Scientific Interest

Platelet-mediated thrombosis is a primary underlying mechanism leading to cardiovascular life-threatening clinical events. Control of excessive platelet responses is an essential aspect of antithrombotic therapy. Antiplatelet agents have proven to be effective in the prevention of myocardial infarction, ischemic stroke and subsequent complications. Platelets are inhibited by many drugs: aspirin, ticlopidine, clopidogrel, Reopro (TM) and many others. However, clinicians feel that more effective and safer drugs are required. New compounds and therapeutic targets are currently under research taking advantage of genomics and proteomics technologies.
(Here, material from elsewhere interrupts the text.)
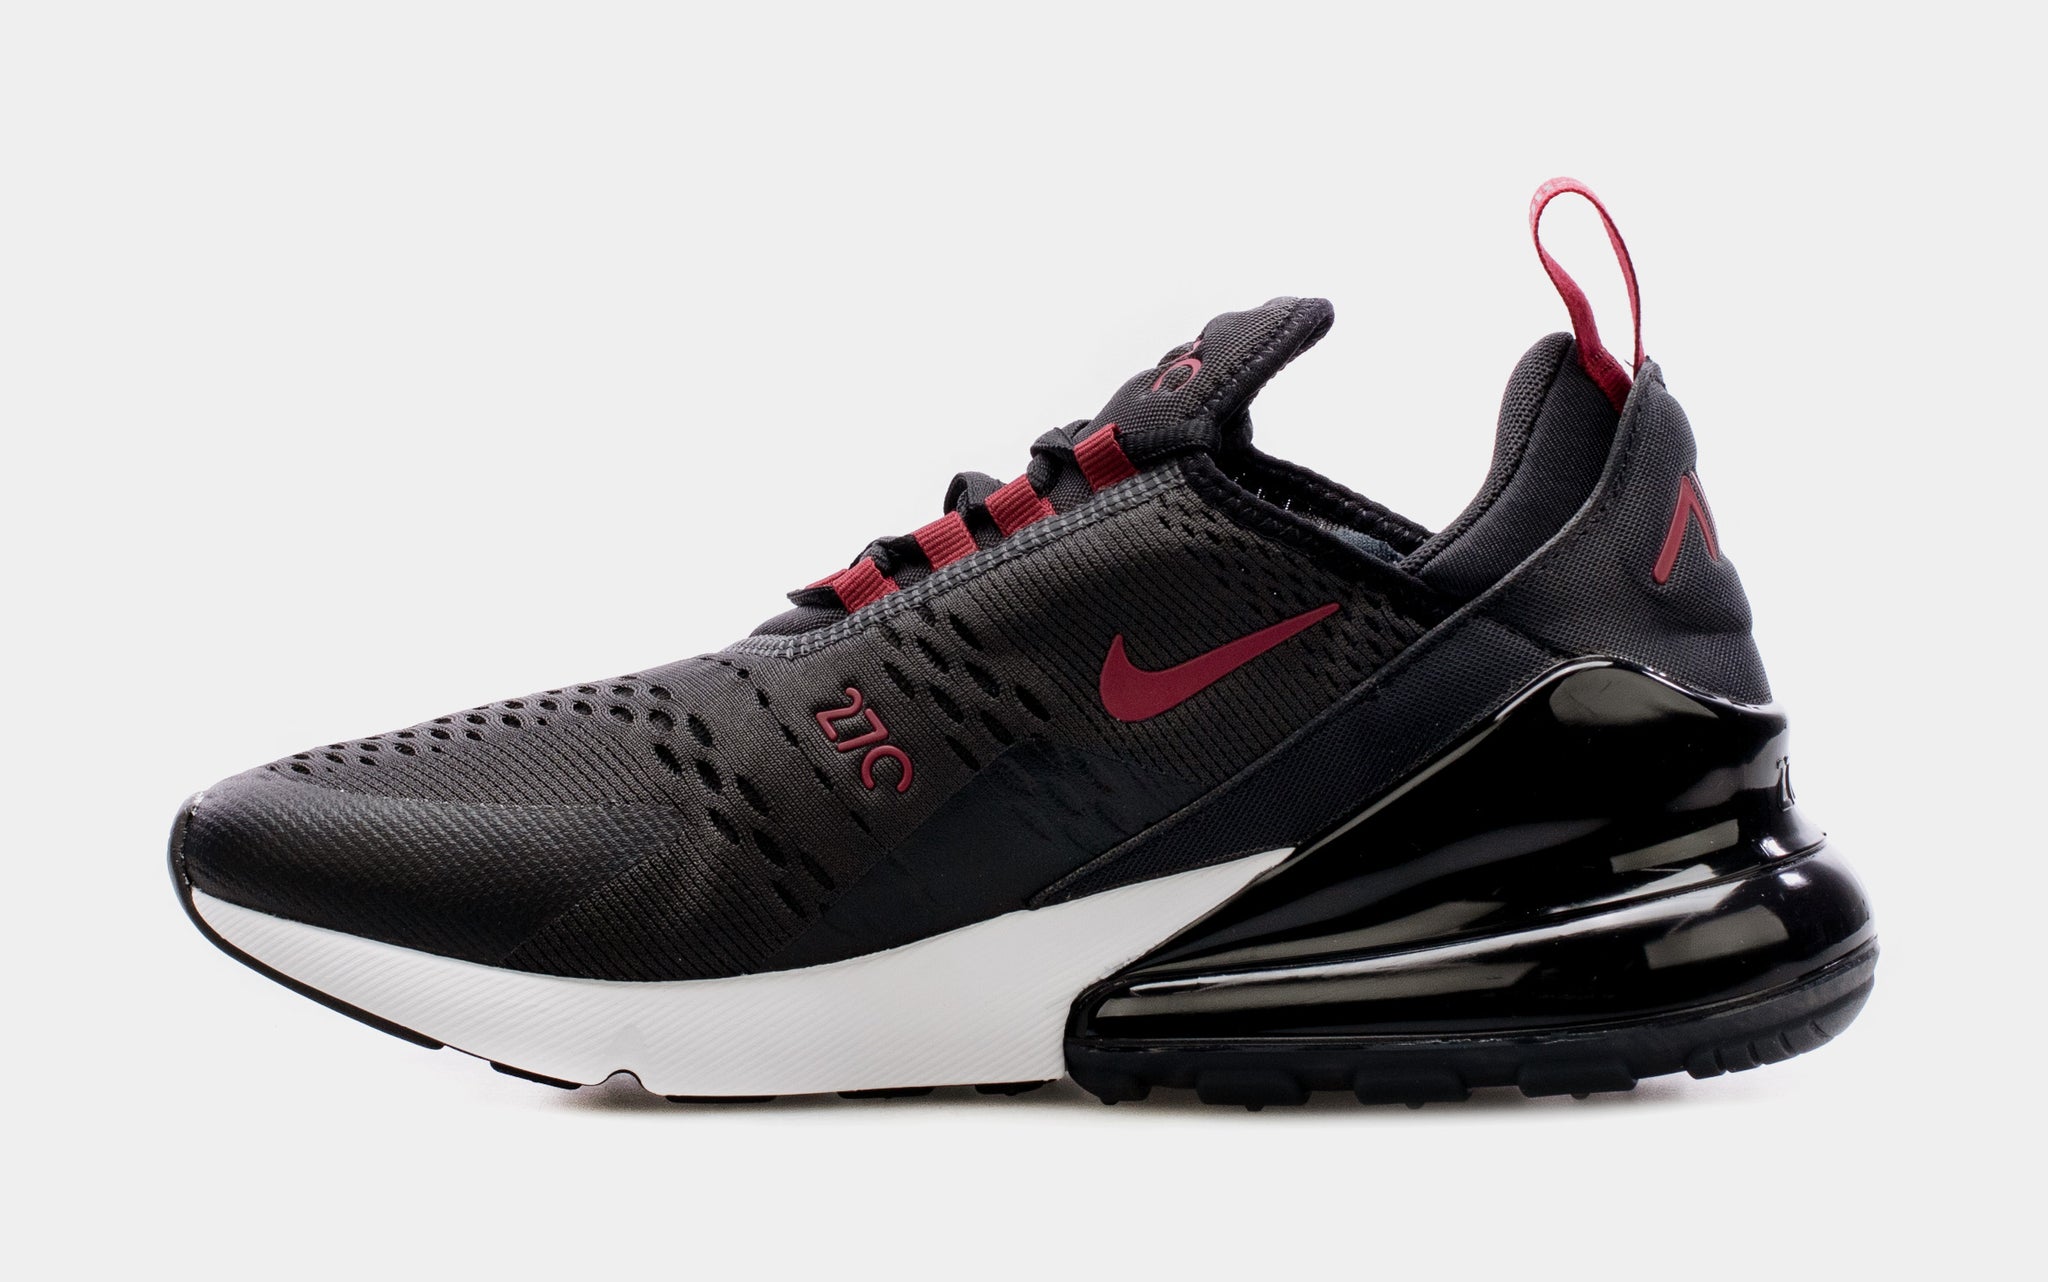 Nike Max 270 Mens Running Shoes Black Red DZ4402-001 – Shoe Palace

Bleeding disorders can result from defects in the blood vessels or from abnormalities in blood clotting factors or in platelets. Deficiencies of platelets that lead to hemorrhagic episodes can be quanti- or qualitative. Among the latter, both congenital and acquired syndromes such as von Willebrand disease, Bernard-Soulier syndrome, Glanzmann thrombasthenia, other membrane receptor defects, storage pool disease, aspirin-like defects, myeloproliferative disorders, liver disease, and uremia have been defined.

Many hemorrhagic episodes can be prevented or controlled with platelet transfusions. The increasing demand of platelet transfusions generates occasional shortness of supply at Blood Bank Centers. Therefore, the possibility of developing platelet preparations or synthetic substitutes which could be stored for longer periods while maintaining low risk of biological contamination is highly desirable.

Micrografs showing platelet interaction or fibrin deposition on a damaged vascular surface. Cross sections were produced from vascular segments exposed to blood in annular perfusion chamber. Upper left: healthy donor; middle left: Glanzmann thrombasthenia patient; lower left: Bernard-Soulier syndrome patient; upper right: severe thrombopenic patient; middle right: thrombopenic blood containing platelet membrane phospholipids; lower right: thrombopenic blood containig lyophylized platelets (x400). Click on pictures to enlarge.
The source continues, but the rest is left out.